Please help me, your advice will not be misplaced. I'm determined, eager and ready to do whatever is neccessary to move my life here.

Thank you.


----------



## Saartjie (Mar 1, 2010)

PrincessFroggit said:


> I am currently living in Cape Town (Parklands) on a visitor passport (no visa) until May 30th, when my return trip is scheduled to go back to the USA.
> 
> I don't intend to go back, I'm hoping I can find a business that holds a corporate work permit so that I can get my corporate work visa through them and expedite the process and be able to stay... with just the minor (major) hassle of going to Home Affairs for the paperwork. :focus:
> 
> ...


Just remember to make sure that you renew whatever permit you are here on before the end of April (as you must have at least 30 days left on your permit when you apply). If you overstay without a valid permit you will jeopardize any chances to get a Corporate (or any other) Permit. 

I think you will need to approach very large companies for work as they will usually be the ones with Corporate Permits.


----------



## Rustler (Apr 9, 2012)

Pick Blue Chip stock exchange listed companies.....


----------



## PrincessFroggit (Apr 2, 2012)

Rustler said:


> Pick Blue Chip stock exchange listed companies.....


Just do a search for them online?


----------



## 2fargone (Jun 14, 2011)

I'm not sure how old you are but have you thought of a study visa? Or a volunteer visa? 


Do you have a degree? It's really hard for Non- SAs to get a job without a degree. I would see if you can intern first and build up experience first in South Africa.


----------



## PrincessFroggit (Apr 2, 2012)

Poopsie23 said:


> I'm not sure how old you are but have you thought of a study visa?
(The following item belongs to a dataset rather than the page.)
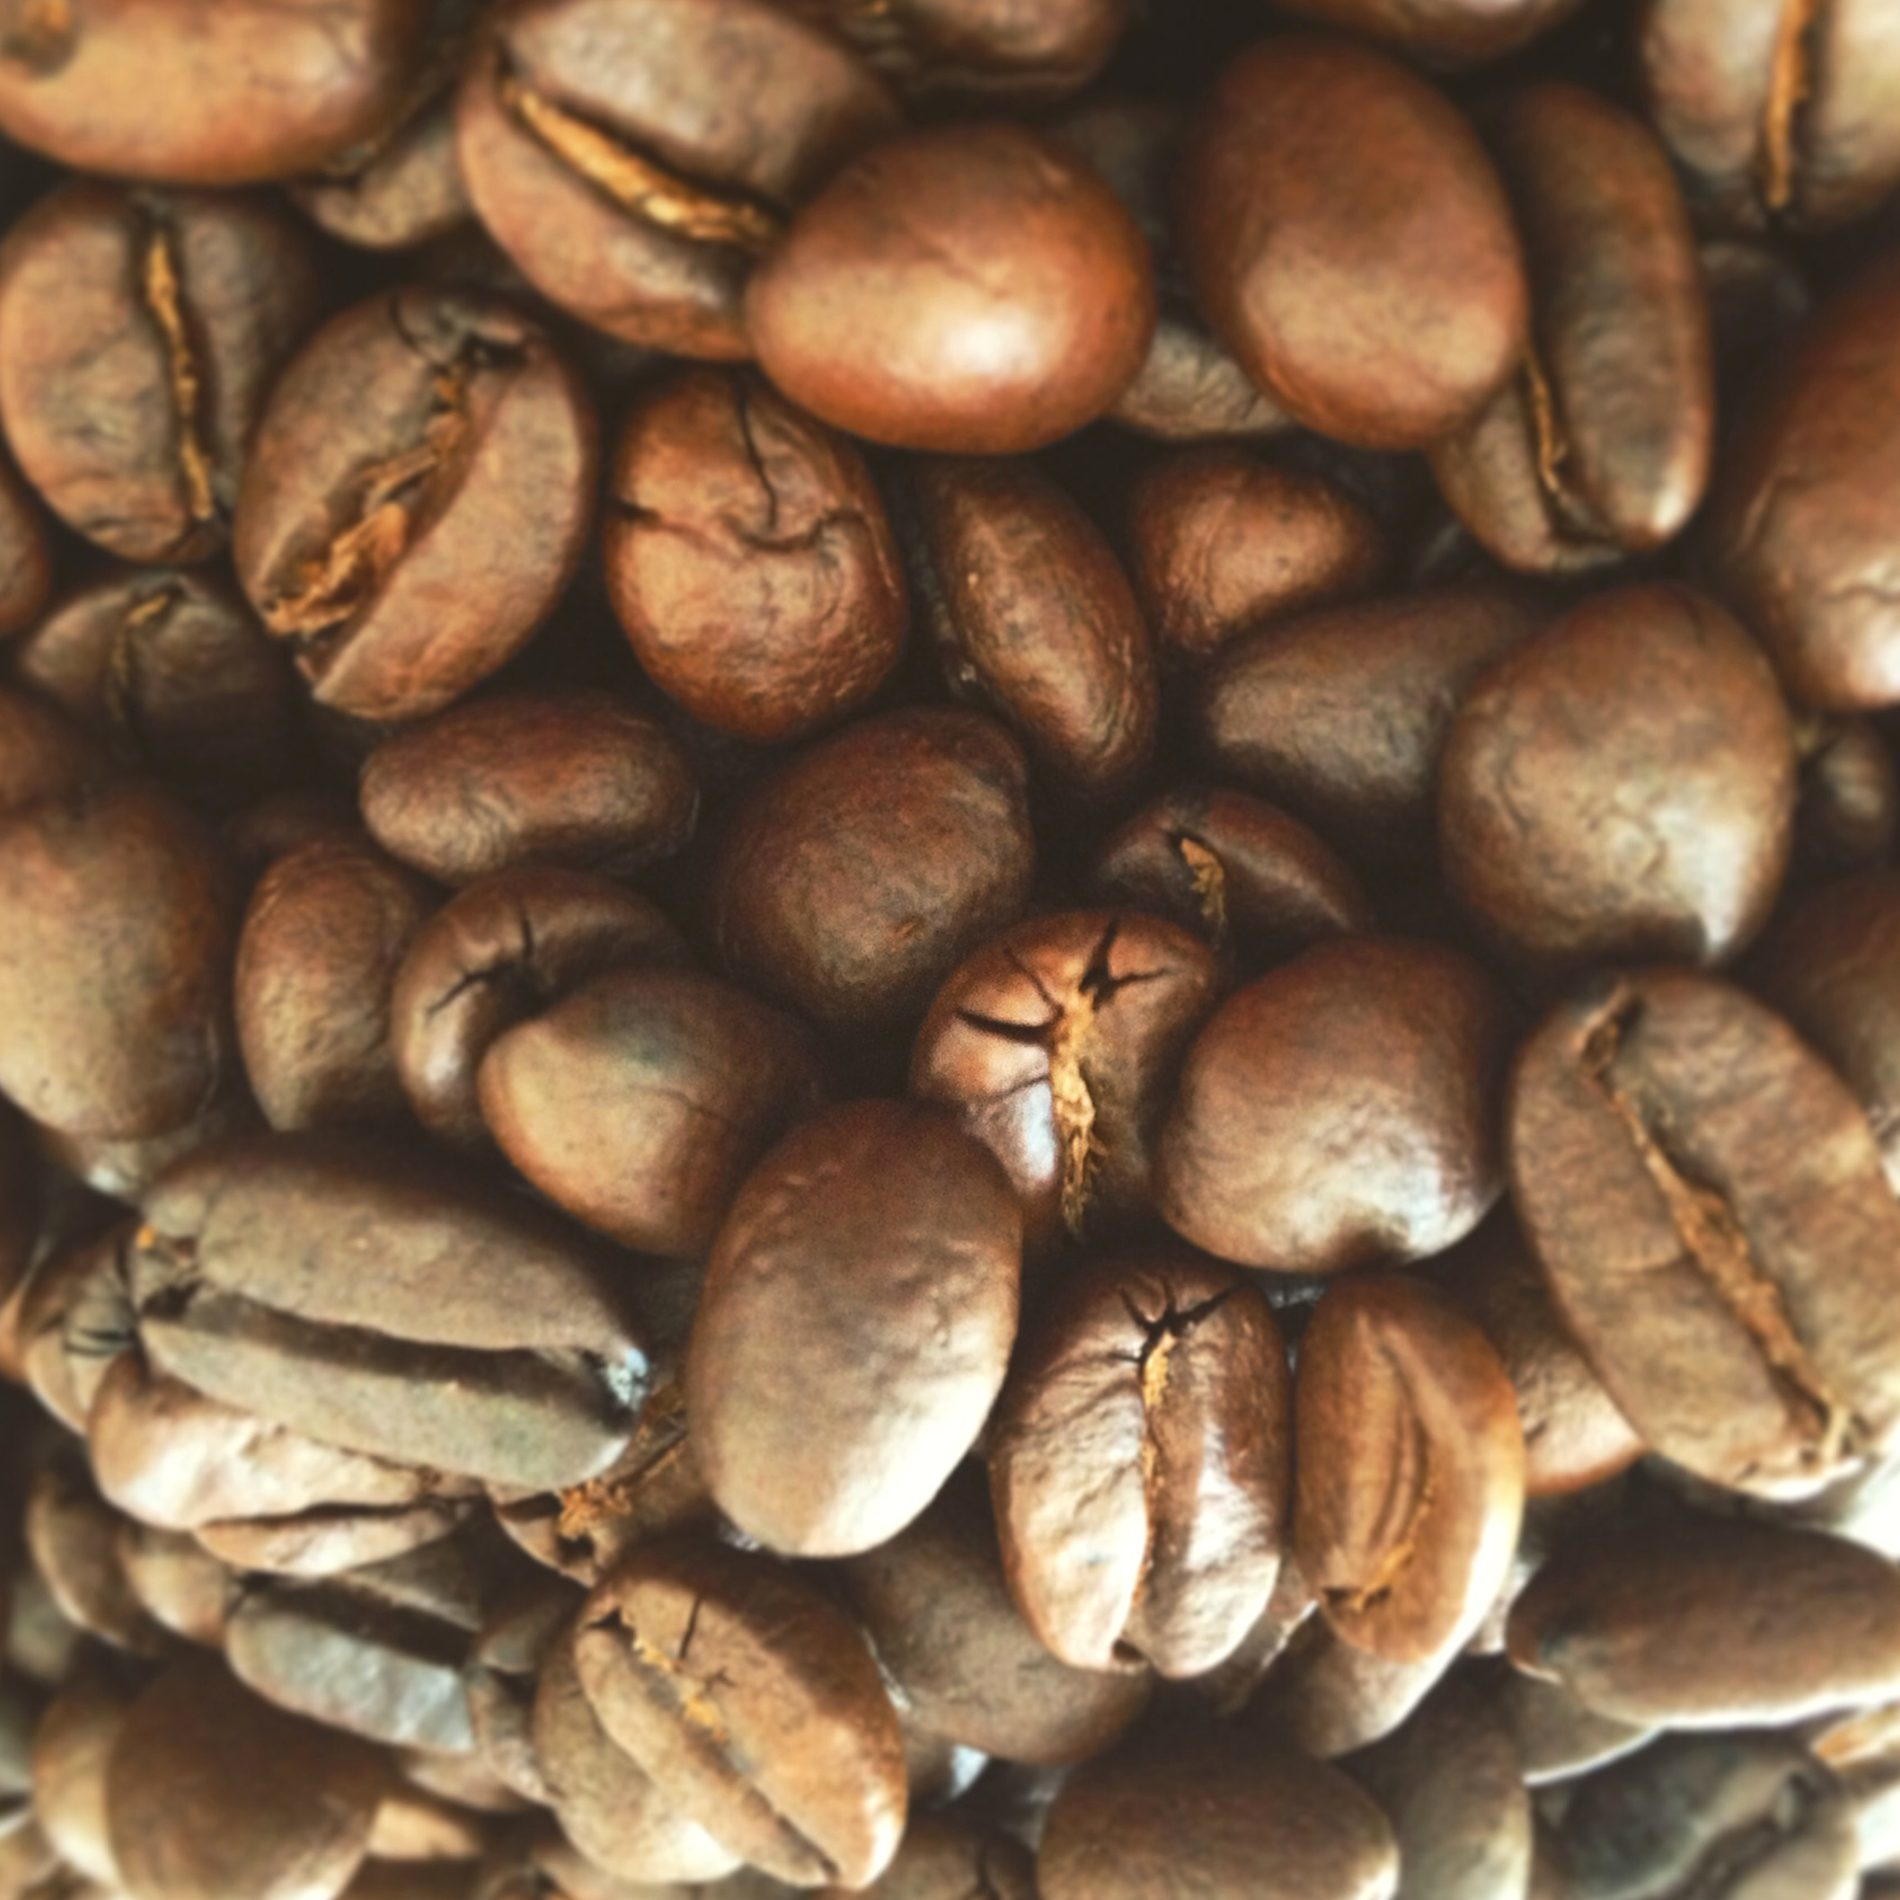 Kostenlose Bild: Kaffee, Essen, Koffein, Getränk, Espresso, Samen ...

Or a volunteer visa?
> 
> 
> Do you have a degree? It's really hard for Non- SAs to get a job without a degree. I would see if you can intern first and build up experience first in South Africa.


Yeah, I've looked into that, the study visa would only allow me to work 18 hours a week, which won't even pay rent for me, let alone get my son here with me. The volunteer visa is equally troublesome, because I need money in order to stay.

I don't have a degree, just a ton of experience in the job market in my field, and a certificate from an online university. My thought is that if I can locate the businesses holding corporate work permits, I can go that route and get the permit through my employer, because unfortunately, the only other option is to go back, and try to find a place to work that I can relocate here.

Time's running low. Thank you for responding.


----------